The Department’s twin-track approach is complicated and expensive, but is probably the correct course of action. The Department has justified adopting the twin-track approach, rather than the cheaper option of waiting for the digital service to be developed, because it expects this will bring forward anticipated benefits from the programme.

During the next 18 months, the Department plans to expand the scale of the programme significantly by: providing Universal Credit to 500,000 mainly single people nationwide; continuing pilots with couples and families in the North West of England; trying to scale up its new digital service; and continuing to run legacy systems for existing benefits. Managing this process, including the rapid recruitment and training of staff, will be a significant challenge, and the Department has already faced a rapid turnover of senior responsible owners. The Department is confident in its plans, however it has only recently started testing the digital service. The Office for Budget Responsibility assumes a further six month delay to the digital service in its independent estimates, and the Major Projects Authority recently gave the programme an amber-red rating.

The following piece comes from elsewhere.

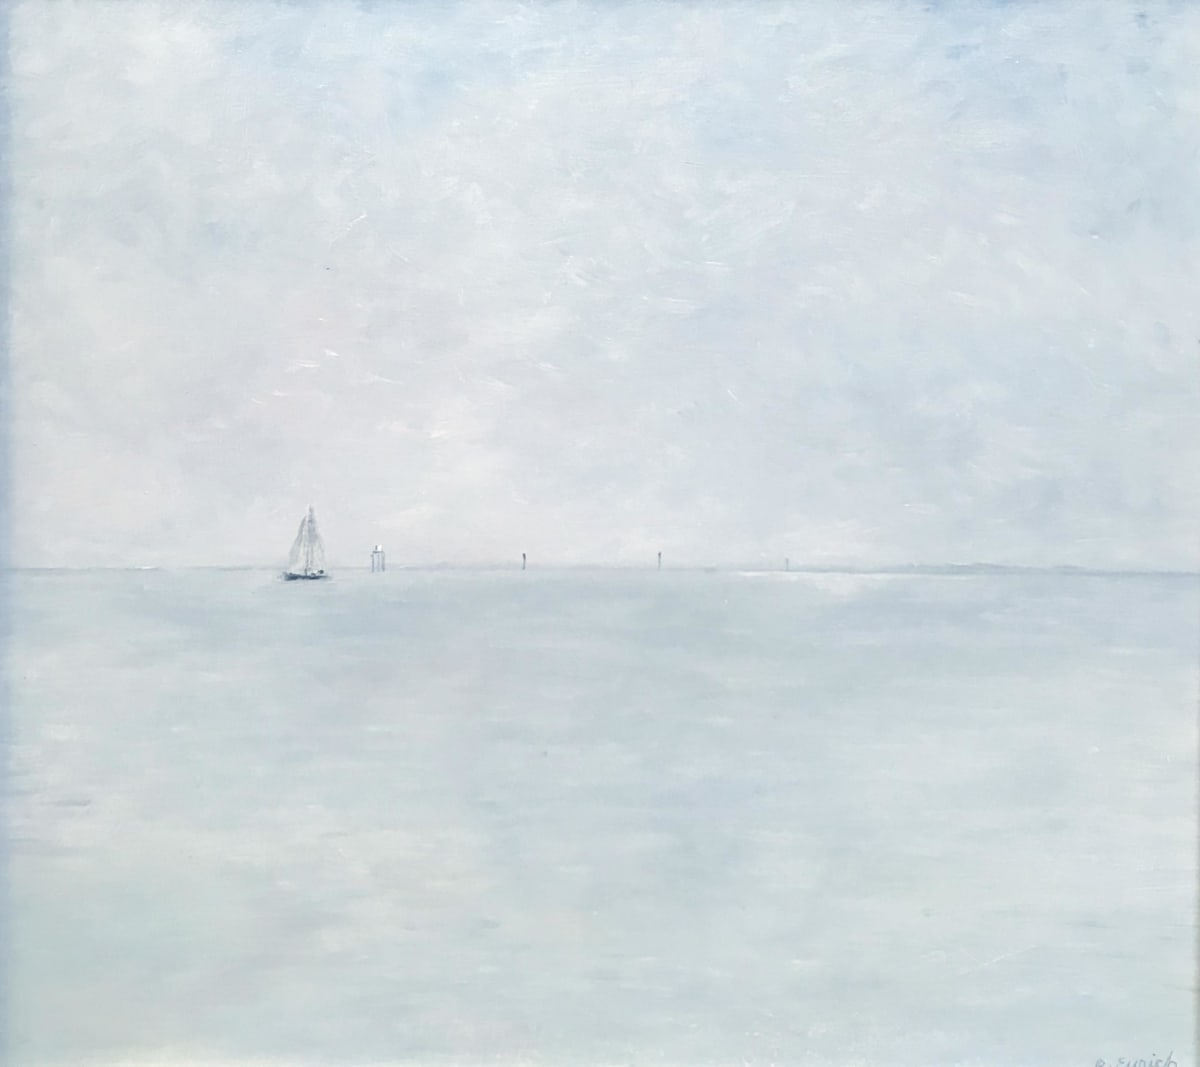 Richard Eurich, Lone sailer, 1988

Recommendation: The Department must ensure it does not allow the mixed approach to continue for longer that is required.

Both the Department and HM Treasury now regard live service as the programme’s de facto contingency, even though the Major Projects Authority told us last year that it doubted those systems were scalable to handle the full range of claimants. The Department believes that live service could be a viable alternative option if the digital service fails. Obviously, this would require yet more investment in live service systems, and the Department has not carried out detailed analysis of the potential cost of this, or whether problems previously identified with those systems, including security concerns, could be overcome.

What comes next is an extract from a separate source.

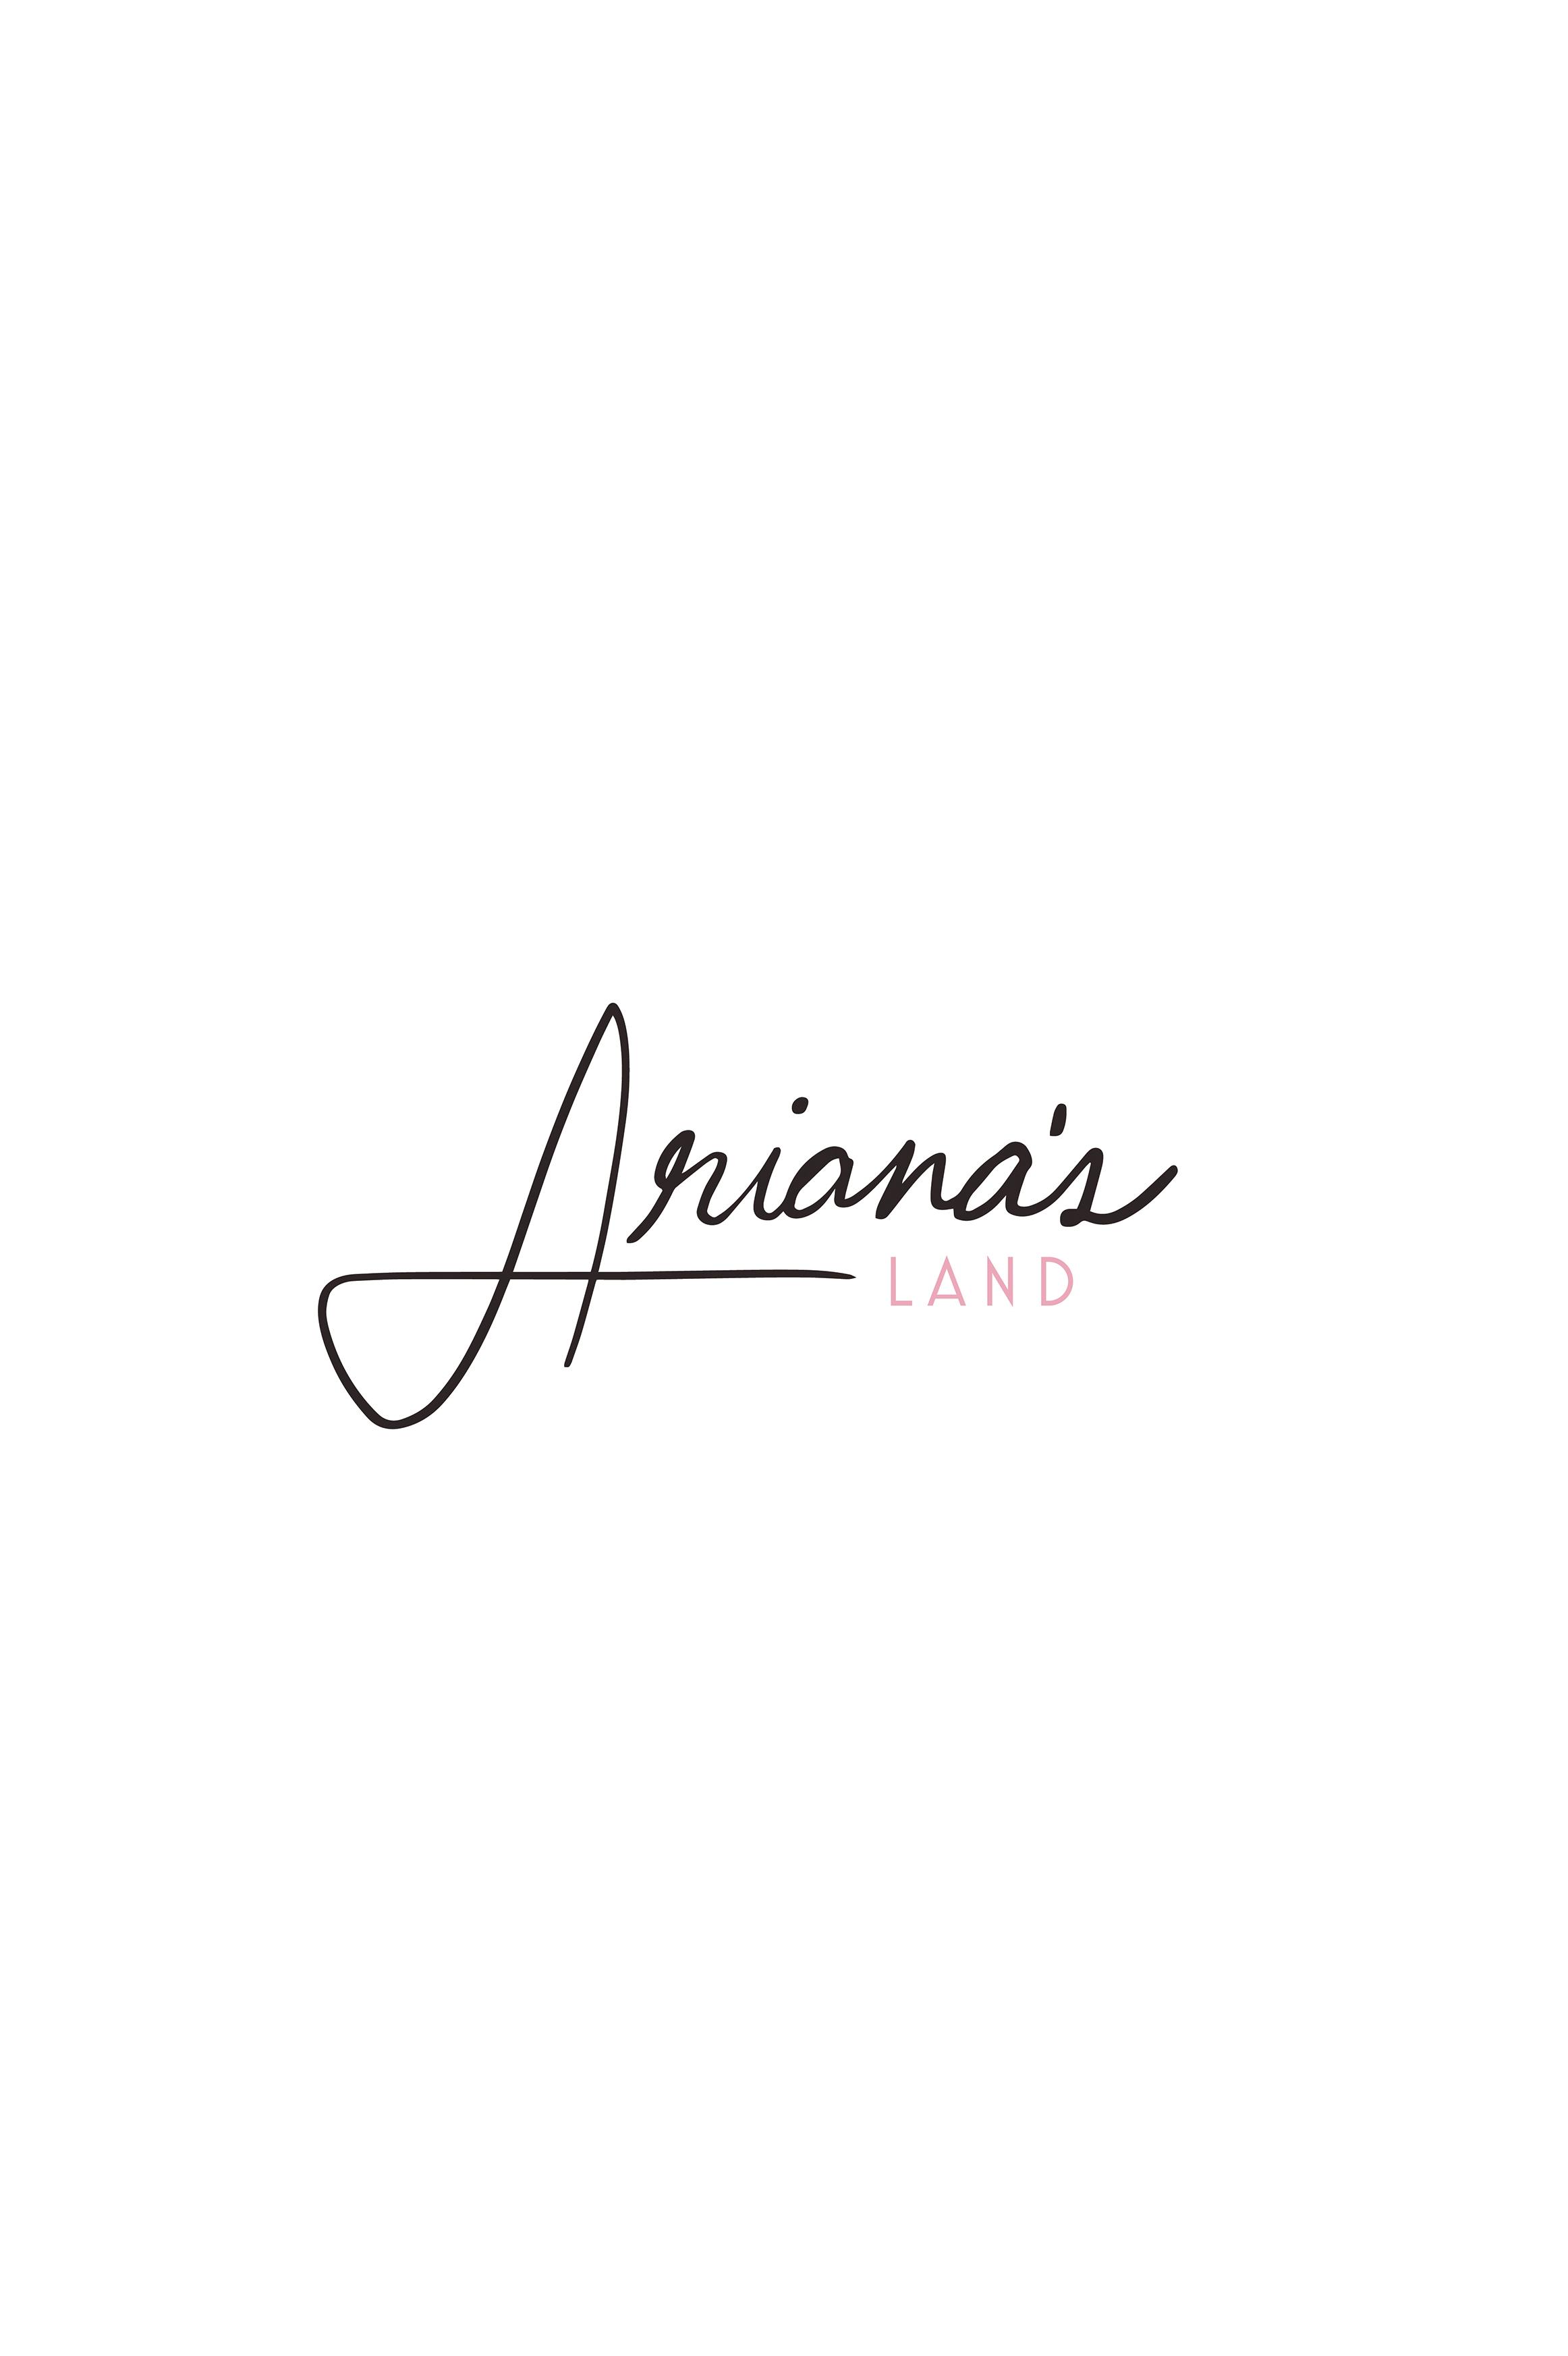 Ariana's Land

HM Treasury’s support for the Department’s twin-track approach is in part because this provides the programme with some contingency, but it has expressed concerns about the value for money of further investment in live service systems.

Recommendation: The Department must establish more robust and costed contingency plans for how it would handle further delays in the digital service, including a thorough examination of whether it would be practical and affordable to use the current live service for this role.

The Department needs to reflect on how it will tackle the potential problems of paying the housing benefit element of Universal Credit directly to claimants. Some landlords and claimants have struggled with rent arrears when housing costs have been incorporated into single payments made directly to claimants. The Direct Payment Demonstration Project evaluation found that tenants paid 95.5% of all rent owed, compared to 99.1% of those not on direct payment.

The Department plans to mitigate the risk of increased arrears by drawing on the findings from the Project and its earlier experiences of introducing direct payments to claimants living in the private rented sector. The Department is also facing additional costs and complications because of proposals to allow different rules for residents in Scotland eligible for the housing-related elements of Universal Credit. The Department said that it would need to make difficult changes to its systems to accommodate this, but that it did not know who was going to fund this work.

Recommendation: We refer this issue to the Communities and Local Government Committee and ask their successors in the new Parliament to review whether paying the housing benefit element of Universal Credit directly to claimants is working.